Mientras, el caldero estaba hirviendo. Una Rusia lastimada en la guerra por la derrota contra los japoneses, veía languidecer a sus escuálidos campesinos y a obreros que no podían calzar los pies de sus hijos ni techar debidamente sus pobres viviendas. Sus mujeres gastadas por la edad y la vida de carencias en que sobrevivían junto a sus críos. En los palacios, corría el champagne francés, había vodka abundante, bien destilado, gran reserva; calefacción, criados que iban y venían con sus bandejas repletas de platos exquisitos, las mujeres perfumadas y vestidas conforme las reglas parisienses. Estaba claro, pues. Eran dos bandos, los del capital y los del trabajo. Los poderosos y los proletarios. La injusticia era la norma y la fe en el futuro inexistente. Urgía una transformación. Las ideas comunistas resultaban atractivas: el obrero debe ser dueño de los medios de producción-se debe crear una sociedad sin clases-sólo con las armas se podrán eliminar las clases y establecer la dictadura del proletariado-la plusvalía debe ser del que trabaja-de cada cual según su capacidad-a cada cual según su necesidad. Para Lenin no entraba en el debate su premisa mayor: la insurrección armada era el único camino para establecer el socialismo.

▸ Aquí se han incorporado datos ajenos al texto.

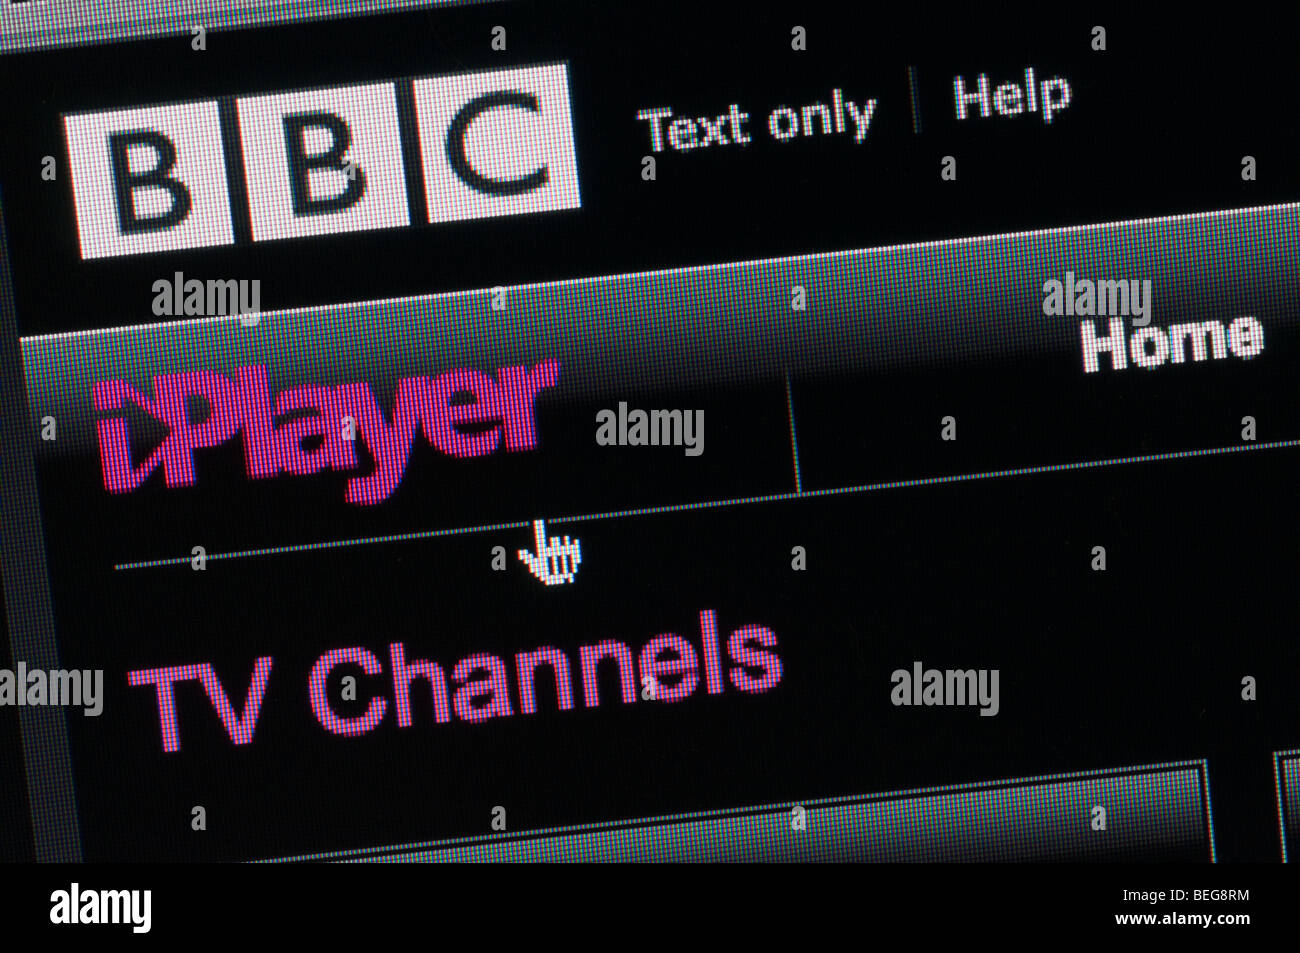 BBC iPlayer screenshot Stock Photo

Tosco, de silueta baja y fornida, calvicie prematura, ojos rasgados, personalidad sin atractivos, modos bruscos de hablar, de risa sarcástica y de rigurosidad excesiva, producía sin embargo en las masas lo que Richard Pipes llama “un impacto hipnótico”. No daba paso a ninguna disidencia, su criterio era infalible y la marca de su personalidad y de su pensamiento se imponía sobre toda regla habitual.

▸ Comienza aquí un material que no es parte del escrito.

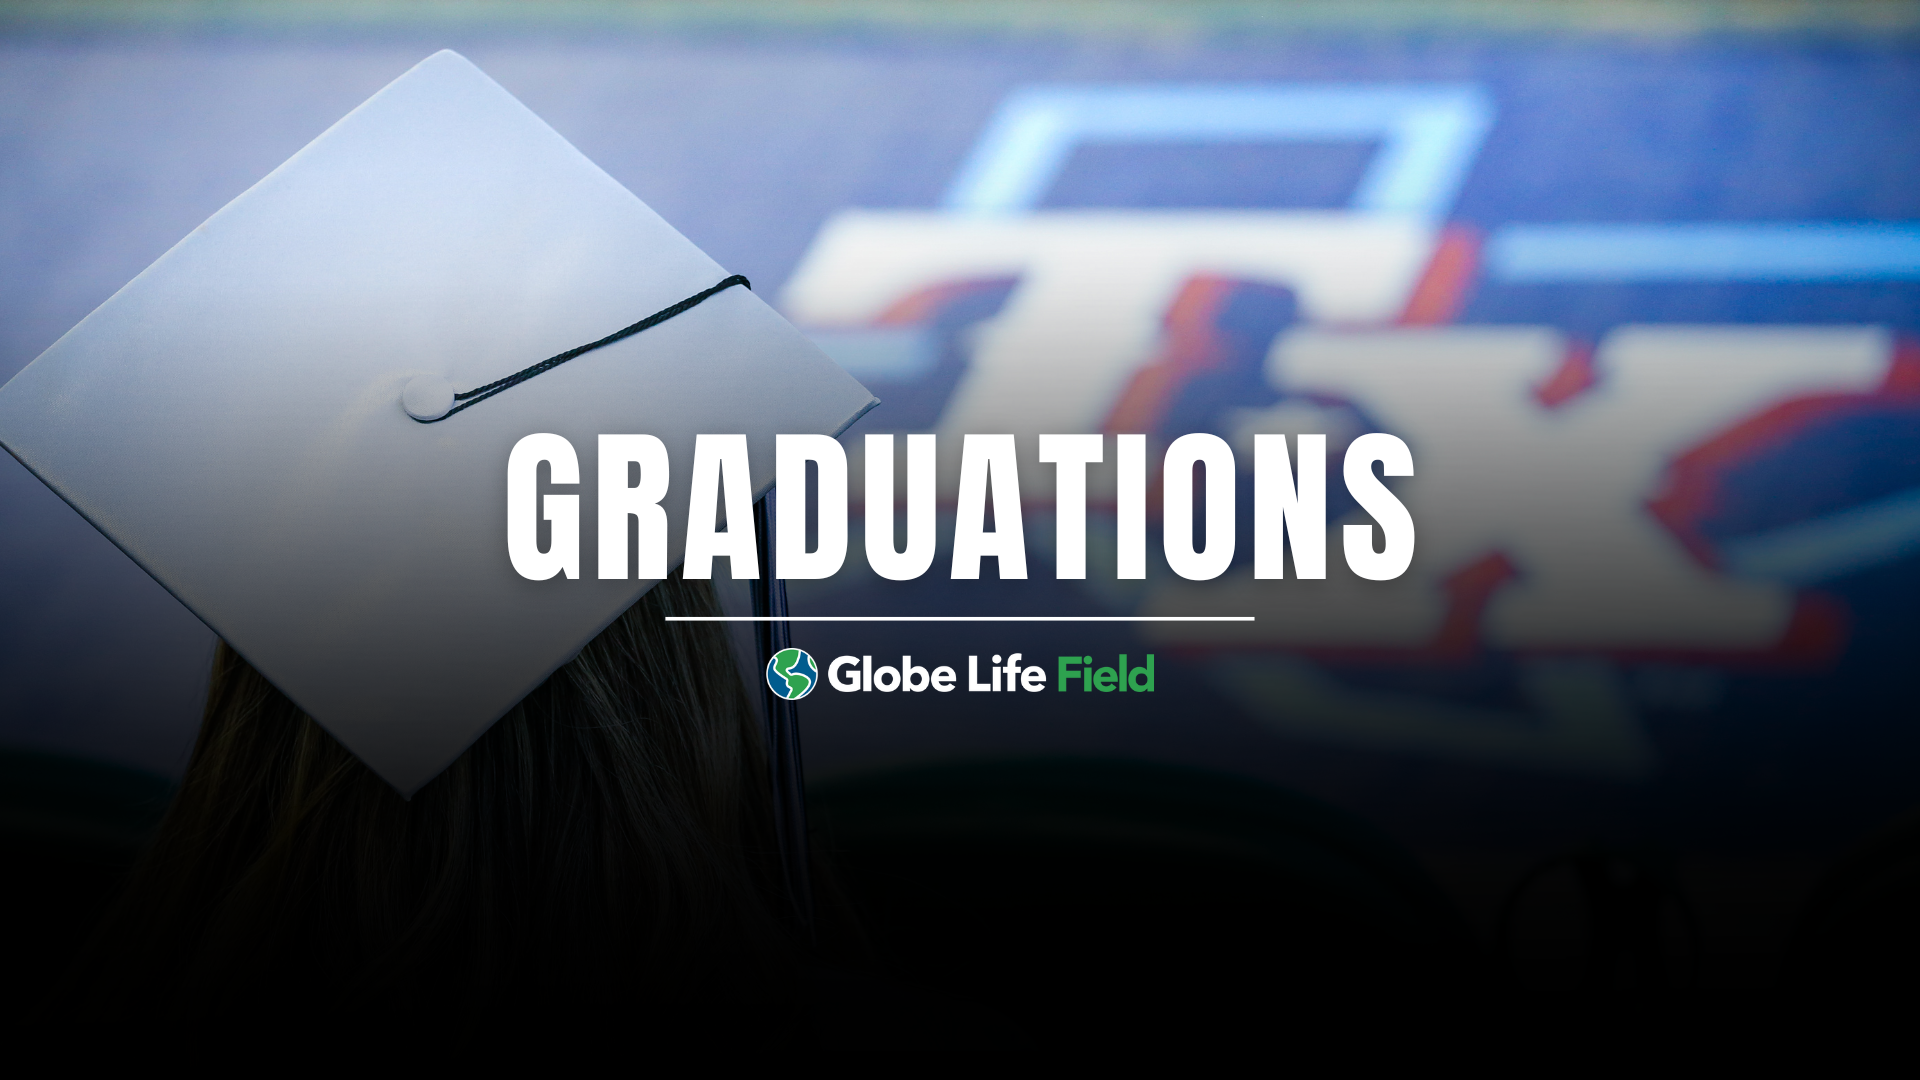 Graduations at Globe Life field

La rebeldía le venía de fábrica. Su hermano mayor, Alexandr, era dirigente político de corte ecléctico, había leído a Marx y a Plejánov (a quien Lenin conocería años más tarde durante su exilio en Suiza), creía en el terrorismo como método de lucha y se inscribió en una conjura con el propósito de asesinar al zar. Cuando Lenin tenía diecisiete años de edad y no se interesaba entonces en la política, Alexandr Uliánov fue apresado con una bomba con la que pretendía cumplir su misión de eliminar al emperador ruso. Fue ejecutado. Desde entonces, comenzó a crecer en el muy joven Vladímir Ilich Uliánov ideas y planes con los que, años más tarde, comandaría su propia escuadra poítica. En su intenso trabajo de conformación de la acción revolucionaria, tendría por delante la ayuda alemana: primero, las ideas de su maestro Karl, y luego una secreta financiación que salía de las arcas del gobierno germánico que permitió que el bolchevismo creciera como la espuma y en pocos meses se hiciera con el control de la revolución. El escrito de la butaca siete del British Museum comenzó a dar sus frutos.